WSU Postgraduate Project Project A & B Reinforcement Learning with Robot Arm
This github directory contains both the Python files to train the RL algorithms (Training) and the Unity projects where different variations of the environments are stored.
robot_subset_joint2_102.mp4
There are so far 4 variations of the Unity project environments used for training the robot (in chronological order of development):
- ArmRobotOriginal - The original environment with:
- all 7 joints fully operational
- Discrete actions (0,1,2)
- The target spawning space as a sphere around the base
- ArmRobotSubset - Modified version (corresponding to "robot_subset.py"):
- Can control where target spawn depending on which joint is active
- Discrete actions (0,1,2) for 7 joints
- ArmRobotContinuous - Similar to ArmRobotSubset but with continuous actions:
- Continuous actions [-1,1] for all 7 joints
- Target spawn controllable by which joint is active
- ArmRobotExpanded - Redefined reward function and observation space (still in development)

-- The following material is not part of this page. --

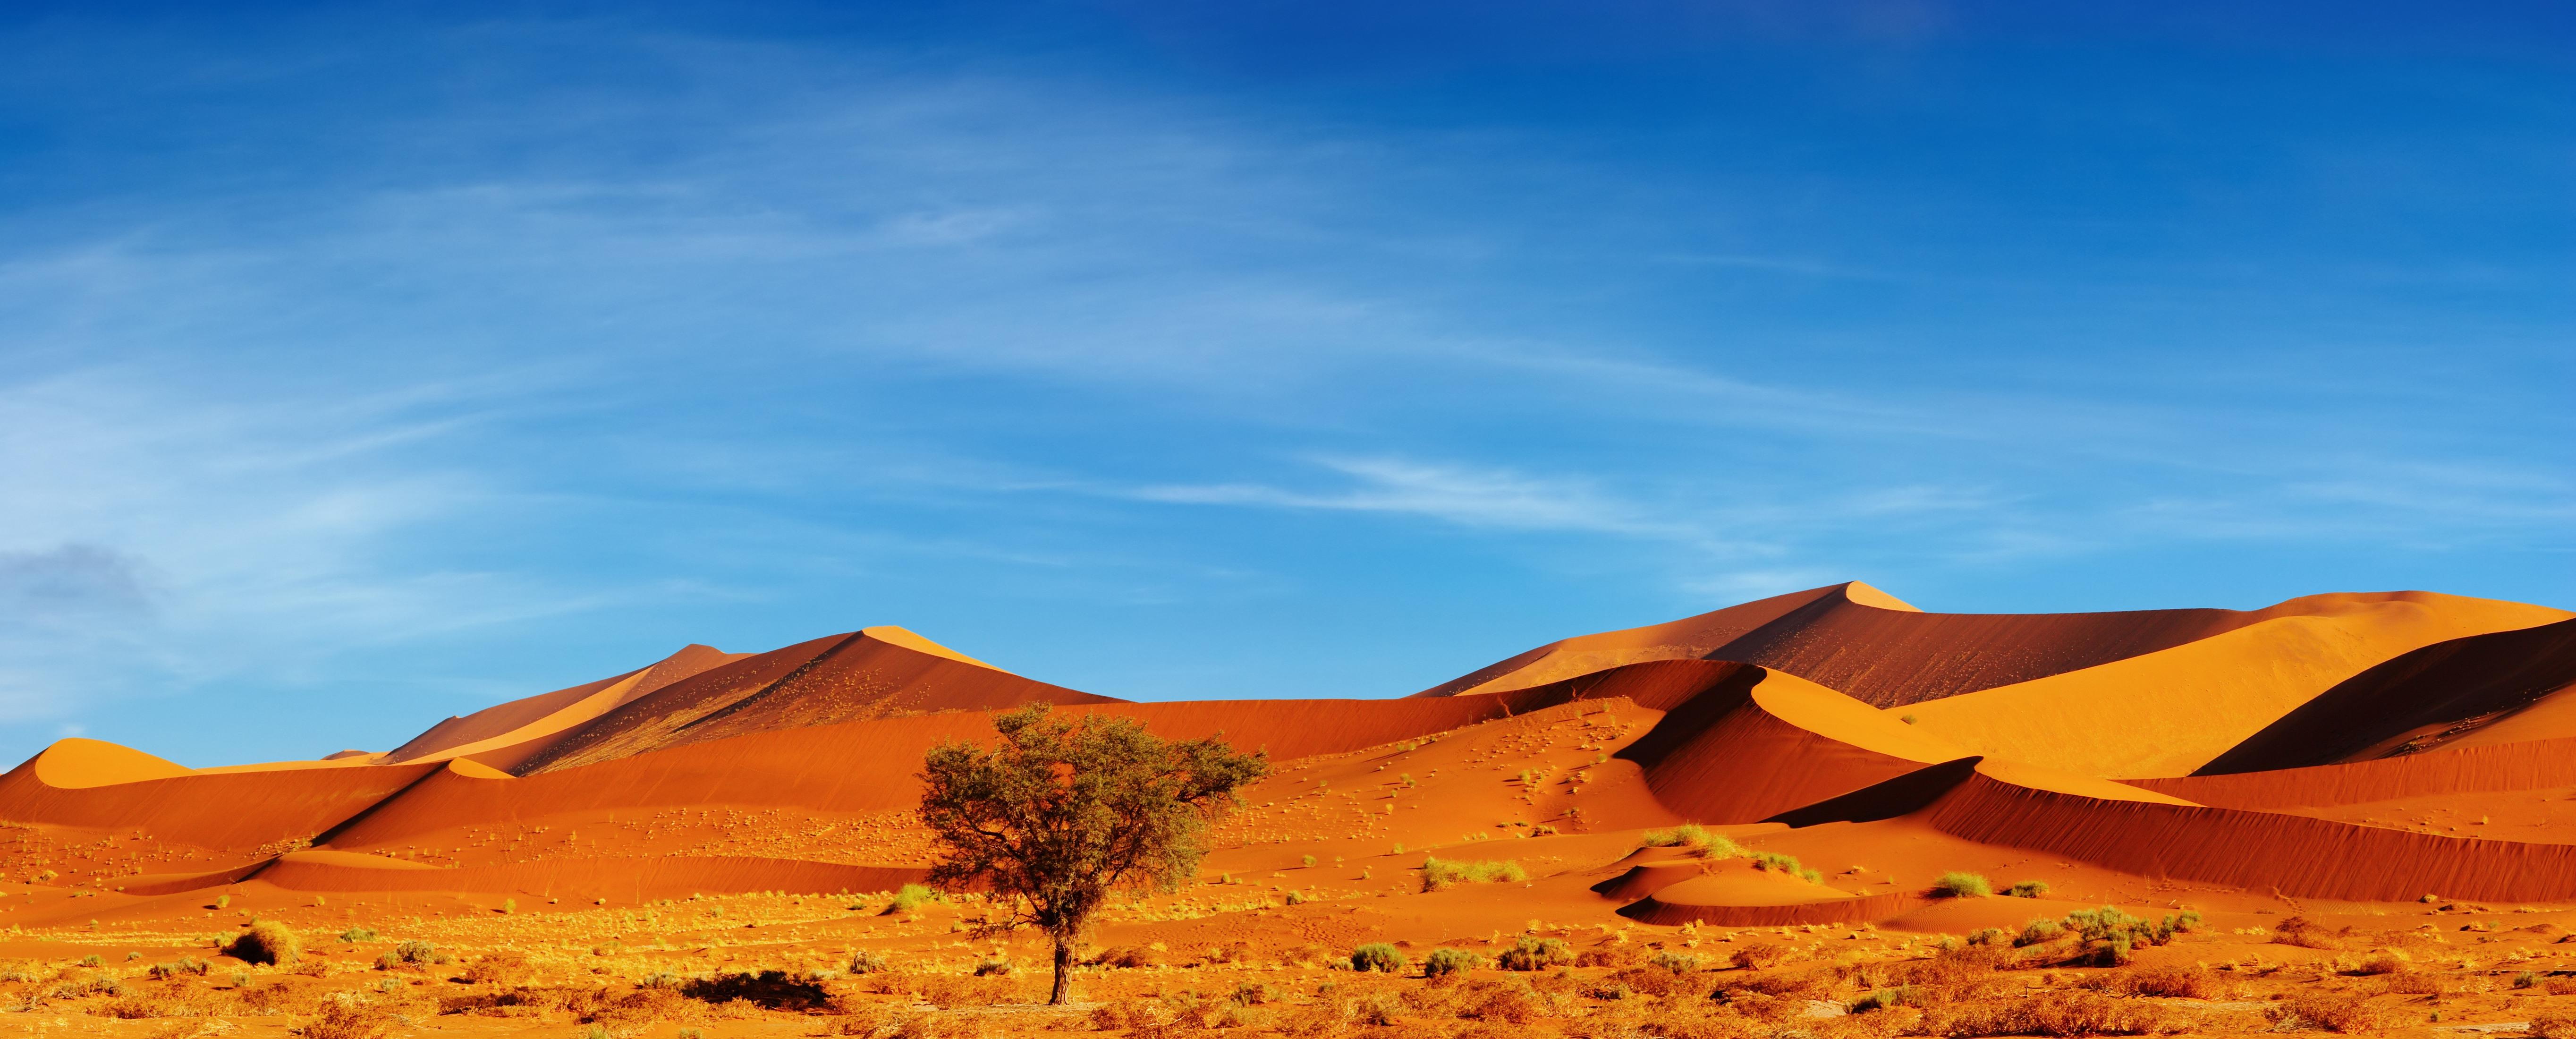 Namibia: Entspannt erleben

For environments that accept active joints to spawn target, the target spawns in a circle surrounding the center position of the active joint. The orientation of the circle depends on the axis of rotation of the joint (for example, if the active joint rotates horizontally -- around the y-axis -- the circle is orientated in a horizontal plane).
The active joint is defined as the lowest joint that is operational. Any joint above that joint is assumed to be operational, while lower joints are assumed fixed. Joints are ordered from the base to the tip, with joint 0
being the bottom-most joint, and joint 6
being the tip joint (we assume this joint is useless because it only rotates the pincher).
You can move the robot around manually using the following keyboard commands:
A/D - rotate base joint
S/W - rotate shoulder joint
Q/E - rotate elbow joint
O/P - rotate wrist1
K/L - rotate wrist2
N/M - rotate wrist3
V/B - rotate hand
X - close pincher
Z - open pincher
This is controlled in the Heuristic
method of the RobotAgent.cs
script of each environment